TO DO:
Set down, unchanged, the line with "Picture of Barn" and everything after it through the last line of the data.

MATERIAL FOR THIS TASK:
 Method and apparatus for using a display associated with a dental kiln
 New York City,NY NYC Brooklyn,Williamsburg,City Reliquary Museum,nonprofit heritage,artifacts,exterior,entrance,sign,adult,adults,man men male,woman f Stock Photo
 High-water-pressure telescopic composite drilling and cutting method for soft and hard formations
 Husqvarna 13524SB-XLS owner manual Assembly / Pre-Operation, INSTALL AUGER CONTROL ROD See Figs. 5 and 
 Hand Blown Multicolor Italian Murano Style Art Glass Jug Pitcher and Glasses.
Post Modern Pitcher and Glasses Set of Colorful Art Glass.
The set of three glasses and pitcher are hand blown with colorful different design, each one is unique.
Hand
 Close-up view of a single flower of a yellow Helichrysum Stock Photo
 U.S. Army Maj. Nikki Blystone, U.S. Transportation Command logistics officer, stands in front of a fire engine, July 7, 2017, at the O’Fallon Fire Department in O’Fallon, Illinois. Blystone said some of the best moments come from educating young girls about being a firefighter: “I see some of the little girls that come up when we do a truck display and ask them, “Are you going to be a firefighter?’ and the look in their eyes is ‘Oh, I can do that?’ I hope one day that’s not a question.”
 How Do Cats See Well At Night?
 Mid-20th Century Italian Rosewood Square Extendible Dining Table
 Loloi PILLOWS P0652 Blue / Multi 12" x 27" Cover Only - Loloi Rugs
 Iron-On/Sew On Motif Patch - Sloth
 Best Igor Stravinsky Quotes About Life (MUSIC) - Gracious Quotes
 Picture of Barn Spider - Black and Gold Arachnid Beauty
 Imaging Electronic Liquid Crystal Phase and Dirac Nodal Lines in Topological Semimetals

TASK RESULT:
 Picture of Barn Spider - Black and Gold Arachnid Beauty
 Imaging Electronic Liquid Crystal Phase and Dirac Nodal Lines in Topological Semimetals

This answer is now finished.